此事非同小可,故而内阁和六部尚书都在,一同商讨着如何解决,
“风雪压境,急者有三。一为灾民安置,二为赈灾物资调配,三为道路疏通问题。”
“这赈灾的棉衣、炭火、药材和粮草,户部早就备好了,皆已调至各个赈灾点,只是凭何分配呢?若有未受灾百姓冒名哄抢,就是再多一倍,也不够啊。”
“若有房屋坍塌的,或是受伤灾民,官府核对登记,下发盖有印信凭证,持有官府文书者,可到城中赈灾点领取。”
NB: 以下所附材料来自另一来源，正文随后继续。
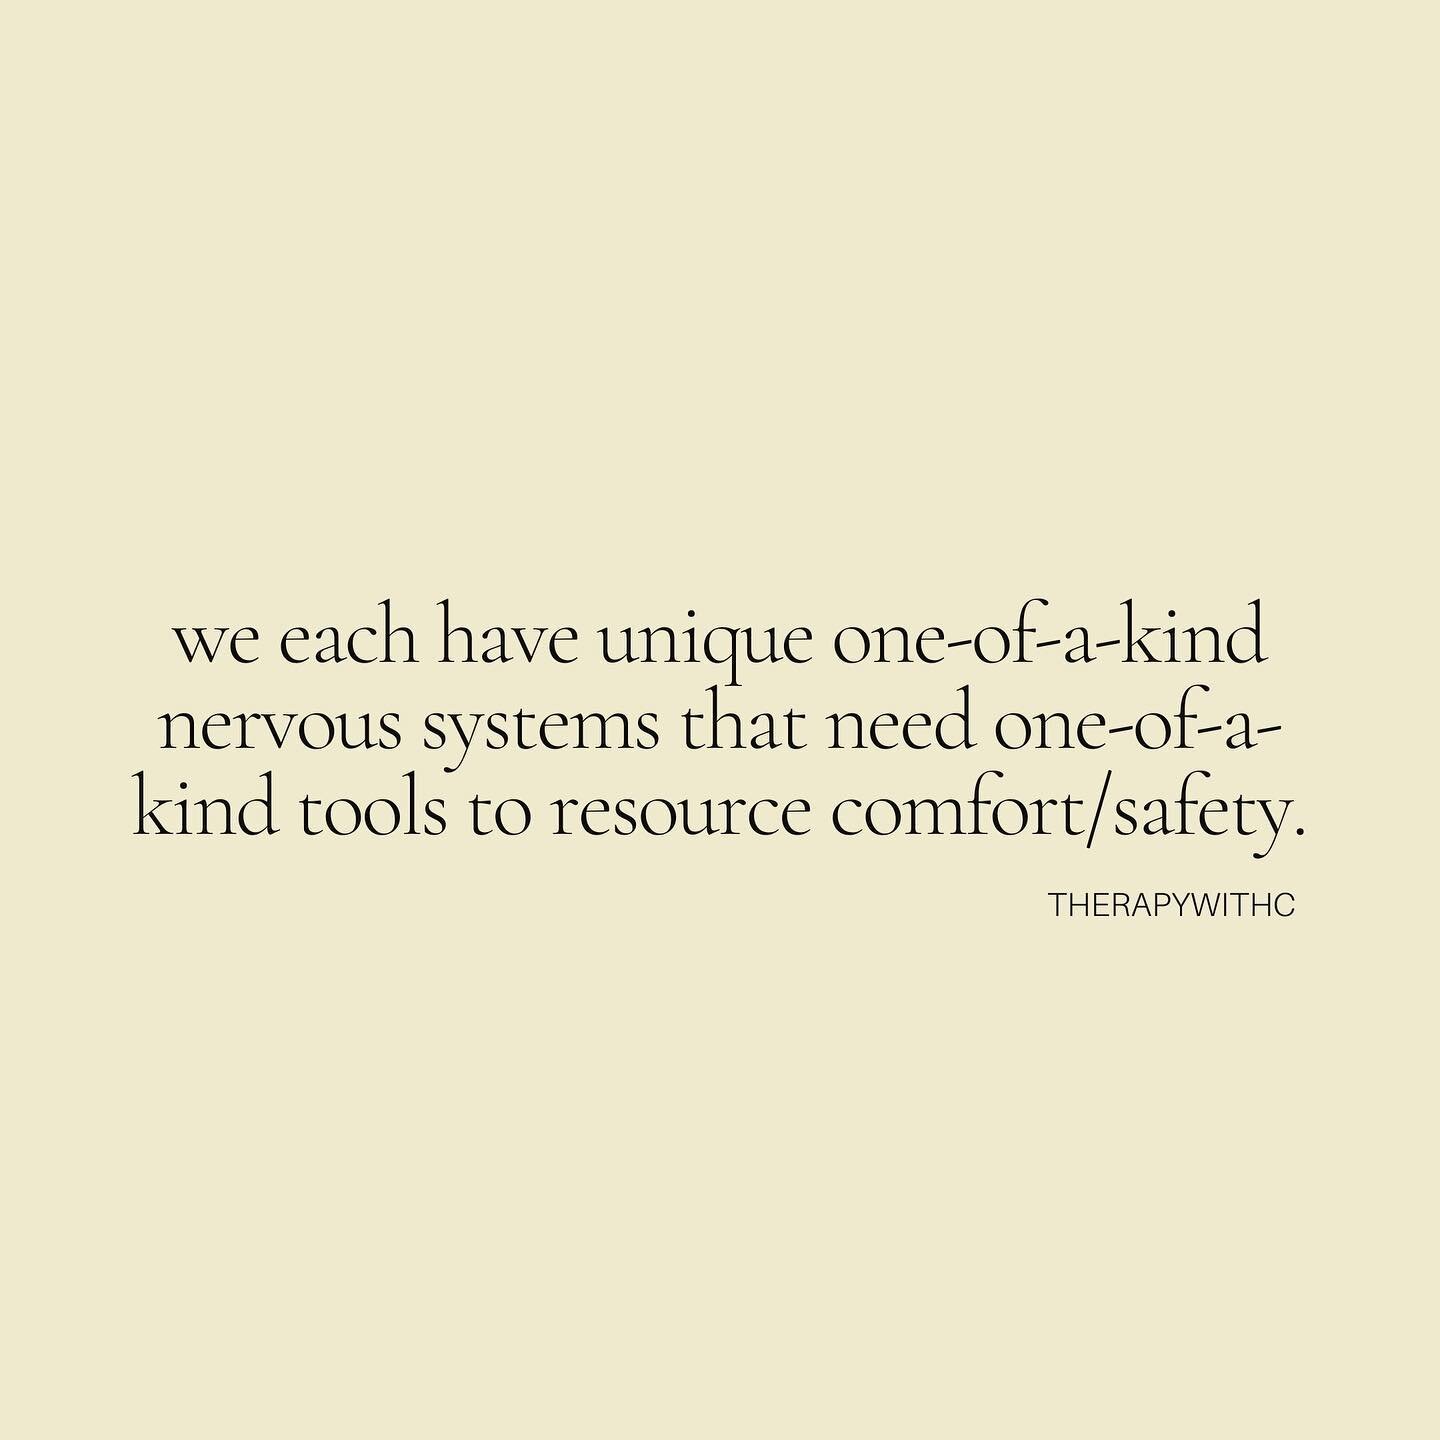 One of my favorite things to explain to clients is the undeniable truth that our brains and nervous systems were/are knitted together by our experiences. Your childhood really matters ☺️ There is no single being on this earth that has the exact same 
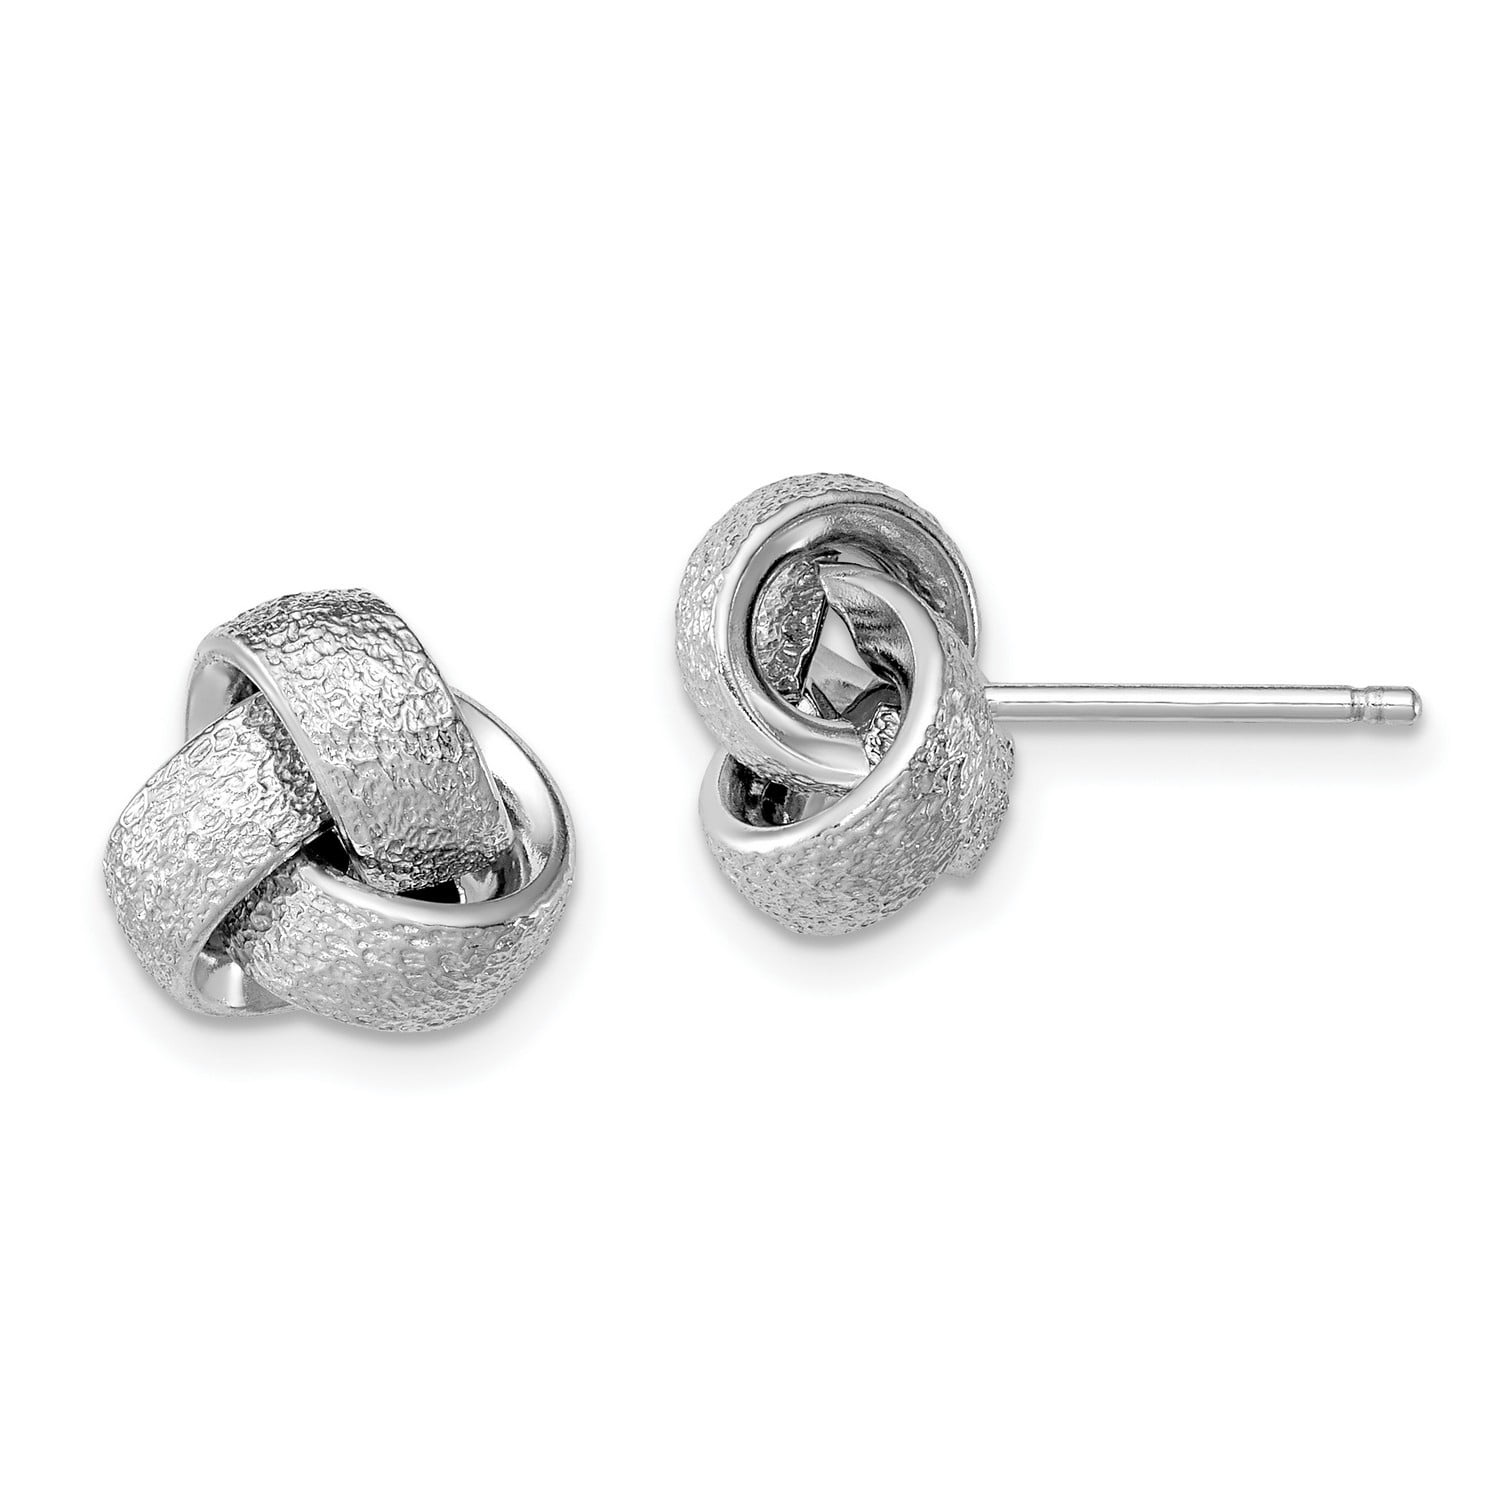 Approximately 11 x 11mm Sterling Silver Polished and Satin Knot Earrings

“皇城司除御前禁军之外,也可协助清雪开路,维持城中秩序。”
“……”
众臣你一言,我一言,一点点商讨着。
御案后的帝王不常出声,只偶尔下达命令,
“户部每日核算受灾人口,及时调配,不得短缺。”
“若有因灾死伤者,及时上报,若有官吏克扣、截留粮草,一经查实,斩立决。”
将灾情商讨差不多时,天色已经彻底暗下来了。
紫宸殿御书房内却是灯火通明。
各位阁老和尚书说了一天的话,口干舌燥,庆安有眼色的带着人添送茶水。
裴砚喝了一口清茶,略润了下喉咙,漫不经心问:“刚才什么事?”
他听见了有人说话,声音也不陌生,只是想不起来究竟是谁。
庆安回禀道:“是宸妃娘娘旁边红菱姑娘来了。”
裴砚放下茶盏:“宸妃有事?”
这话也引起了众位大臣的注意,他们自是知晓,这位宸妃是谁。
镇国公的独女,太后娘娘的亲侄女。
听说进宫后,颇受陛下宠爱。
她派人来紫宸殿,不知有何事呢?
一时间,书房所有目光都落在庆安身上。
庆安犹豫片刻,回答道:“宸妃娘娘体恤陛下,给陛下送了些吃食。”
裴砚眉心一动,淡声问:“什么吃食?”
这倒是稀奇。
从前的时候,不少宫妃都往这里送糕点果脯,他向来不喜,从来不吃。
后头更是明确说过,让那些宫妃不必再送。
不过说起来,这还是她头一回往御前送东西。
这是想他了?
庆安心道不好,他本就是为了遮掩,才没说具体的。
这要是让诸位阁老听见了,还不得误会陛下。
他正要想法子周全过去,帝王自然不耐了,出声又问了一遍:“是什么?”
庆安硬着头皮说:“听说尚食局往望月楼送了些梅花肉,宸妃娘娘就命人做成了炙鹿肉,娘娘心里念着陛下,就让人送一点过来。”
裴砚:“……”
给他送什么?
鹿肉?
他不信是念着他,她是知晓其中含义的。
这更像赤裸裸的挑衅。
而且这次比上次更加过分。
他眯了眯幽深的眸子,没有再说话。